Question

Two identical conducting spheres, fixed in place, attract each other with an electrostatic force of -0.6825 N when separated by 50 cm, center-to-center. The spheres are then connected by a thin conducting wire. When the wire is removed, the spheres repel each other with an electrostatic force of 0.1986 N. What were the initial charges on the spheres? Since one is negative and you cannot tell which is positive or negative, there are two solutions.

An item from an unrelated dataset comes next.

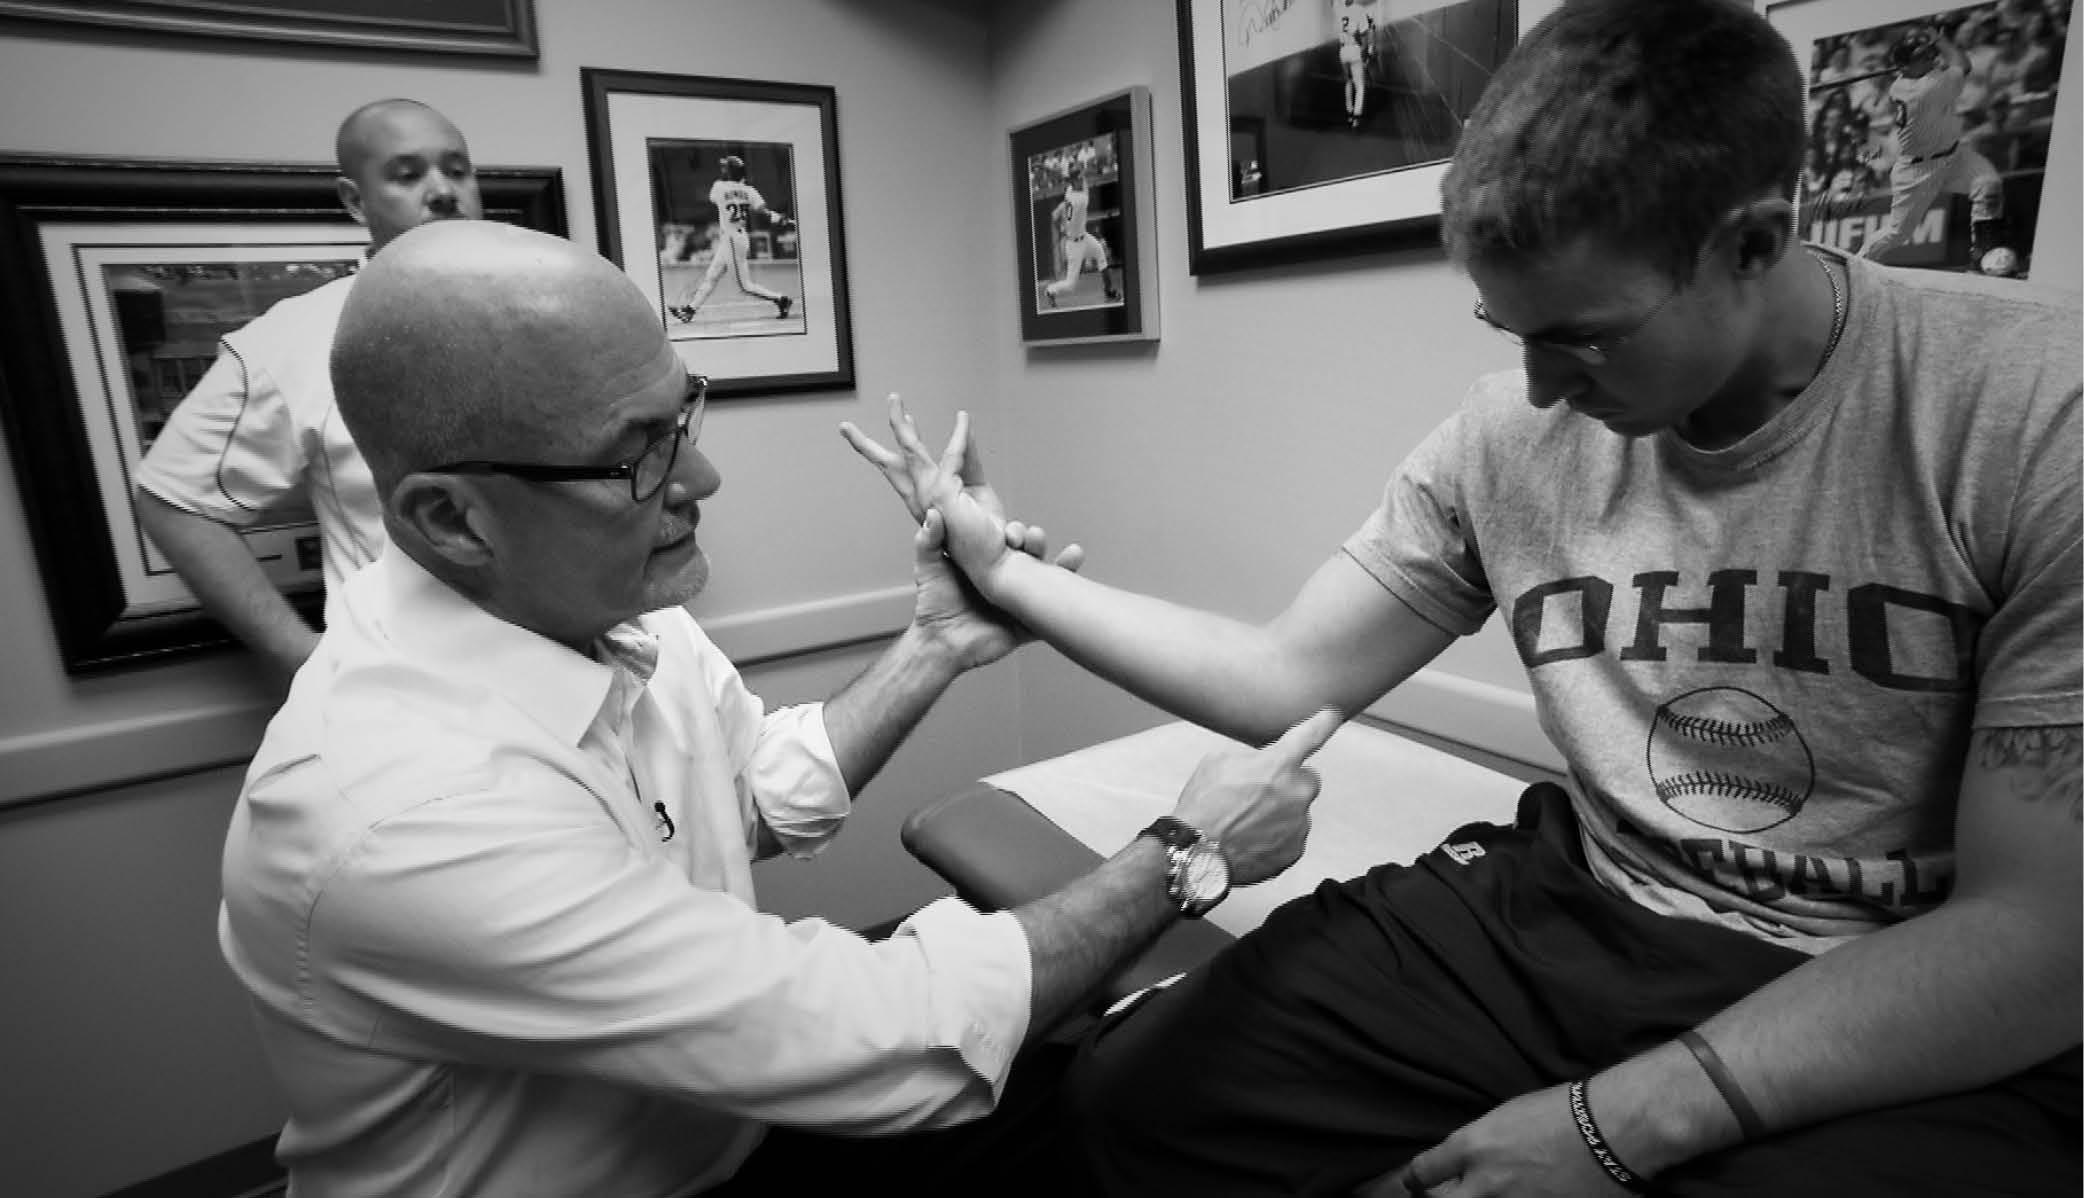 Kremchek treating patients at Summit Woods.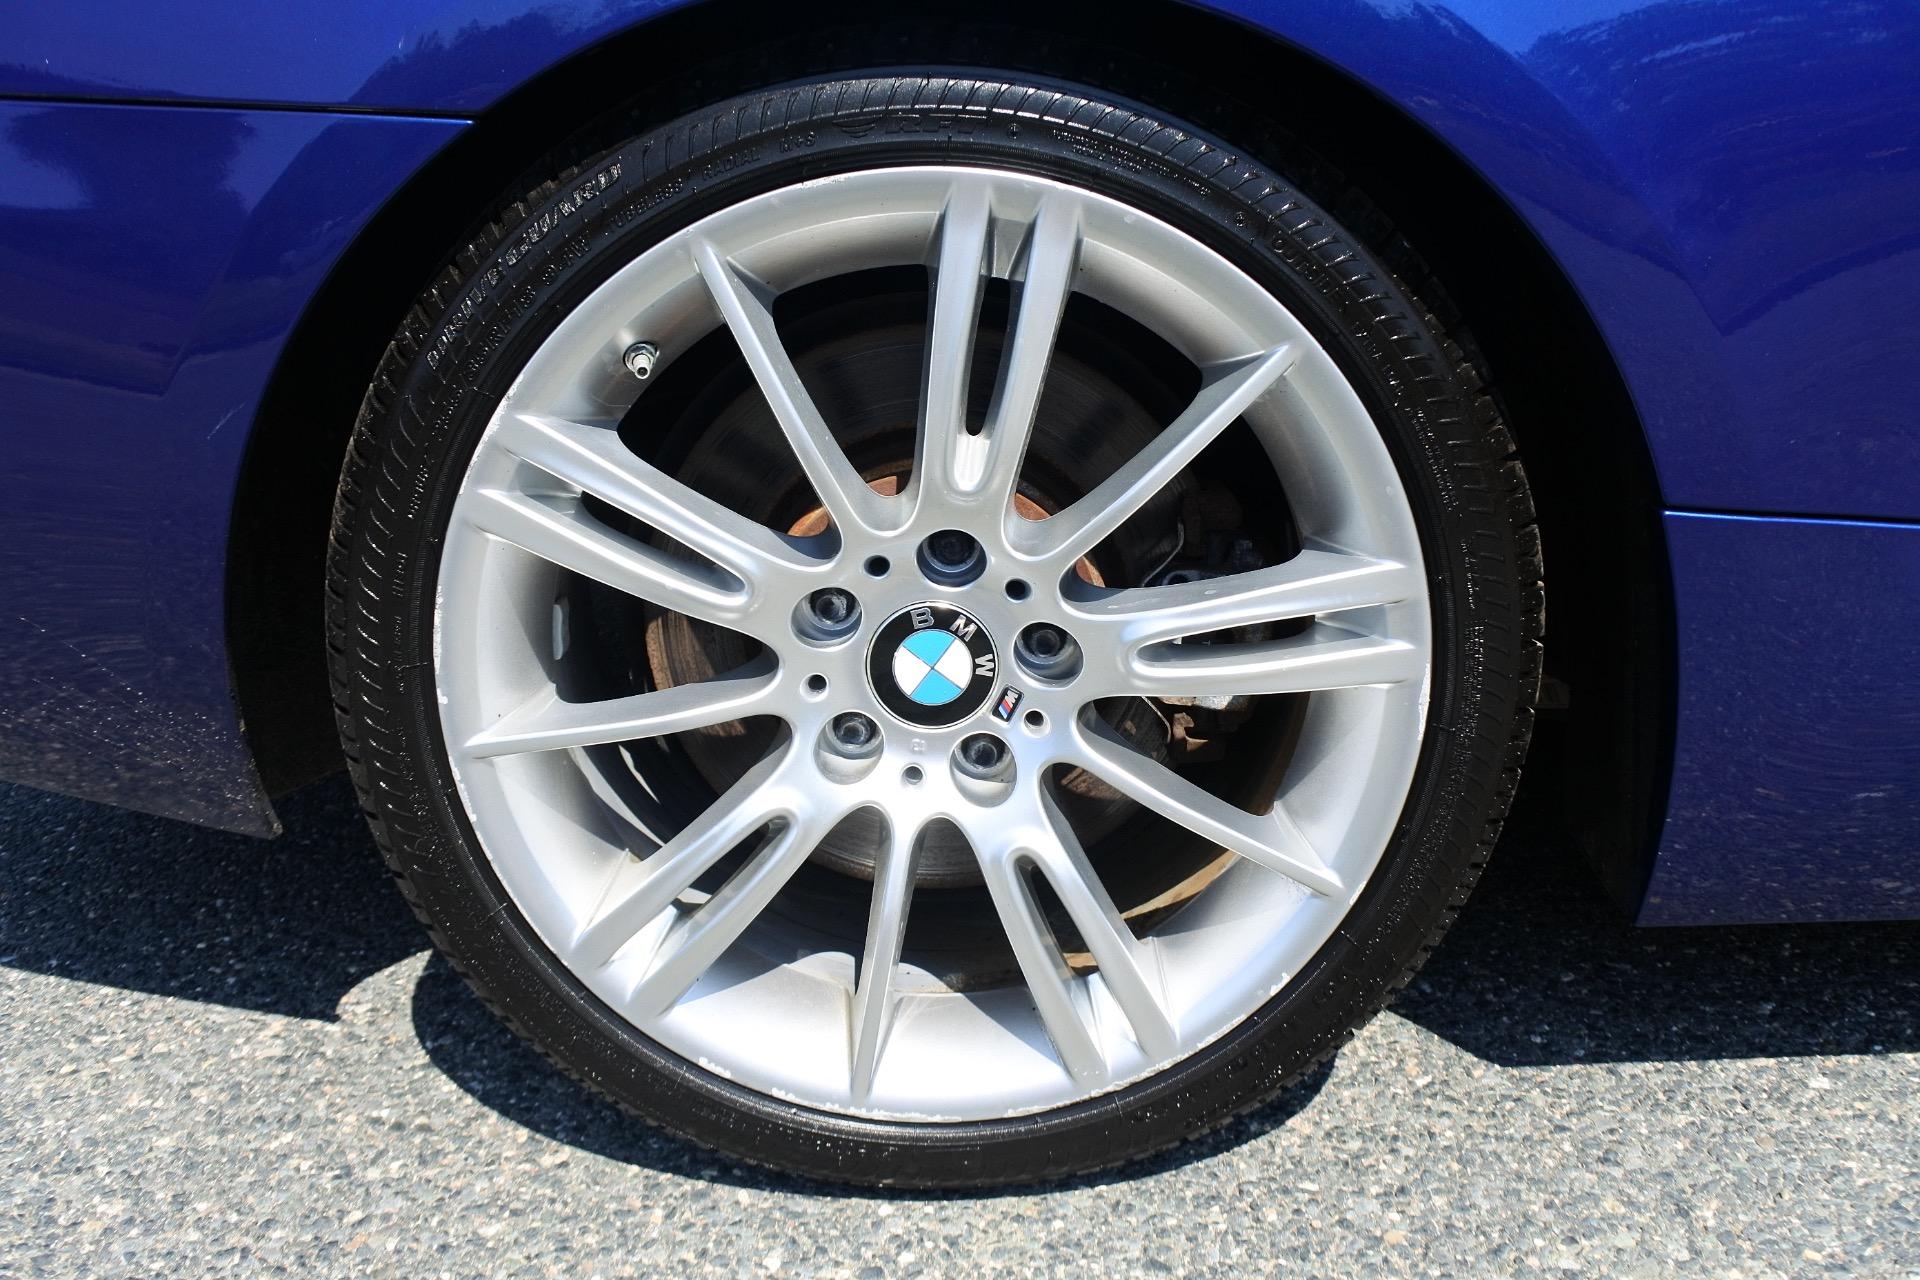 Used 2013 BMW 3 Series 2dr Conv 335i Used 2013 BMW 3 Series 2dr Conv 335i for sale  at Metro West Motorcars LLC in Shrewsbury MA 24

Take the absolute value of the charges and enter the smaller value AND larger value.

Answer 1

Ans:-

Given data Fa = -0.6825N , r = 50cm = 0.5m,Fr = 0.1986N

Let the charges on the spheres be q1 and q2. If the force of attraction between them has magnitude 0.6825 N, then Coulomb’s law gives us

F = k |q1q2|/r^2

= 9*10^9*|q1q2|/0.5^2 = 0.6825

|q1q2| = 0.6825*0.5^2/9*10^9 = 1.896*10^-11C^2 = 1.9*10^-11

But since we are told that the charges attract one another, we know that q1 and q2 have opposite signs and so their product must be negative. So we can drop the absolute value sign

q1q2 = -1.9*10^-11

Then the two spheres are joined by a wire. The charge is now free to re–distribute itself between the two spheres. If the new charge on each sphere is Q, then

Q + Q = 2Q = q1 + q2

The force of repulsion between the spheres is now 0.1986 N, so that

F = KQ^2 /r^2 = 9*10^9 *Q^2/0.5^2 = 0.1986

Q^2 = 0.1986*0.5^2/9*10^9 =5.5*10^-12

We don’t know what the sign of Q is, so we can only say:

Q = (+-)2.34*10^-6

q1 + q2 = 2Q = (+-)4.8*10^-6

First, choosing the + sign

q2 = 4.8*10^-6 - q1…………………………….1

q1 *(4.8*10^-6 –q1) = -1.9*10^-11

which we can rewrite as

q1^2 – 4.8*10^-6q1 - 1.9*10^-11 = 0

which is a quadratic equation for q1. When we find the solutions; we get:

q1 = -2.58*10^-6 C 0r 7.4*10^-6 C

Putting these possibilities into 1 we find

q2= 7.38*10^-6 or -2.6*10^-6C

but these really give the same answer: One charge is −2.6*10^−6 C and the other is +7.38 * 10^−6 C.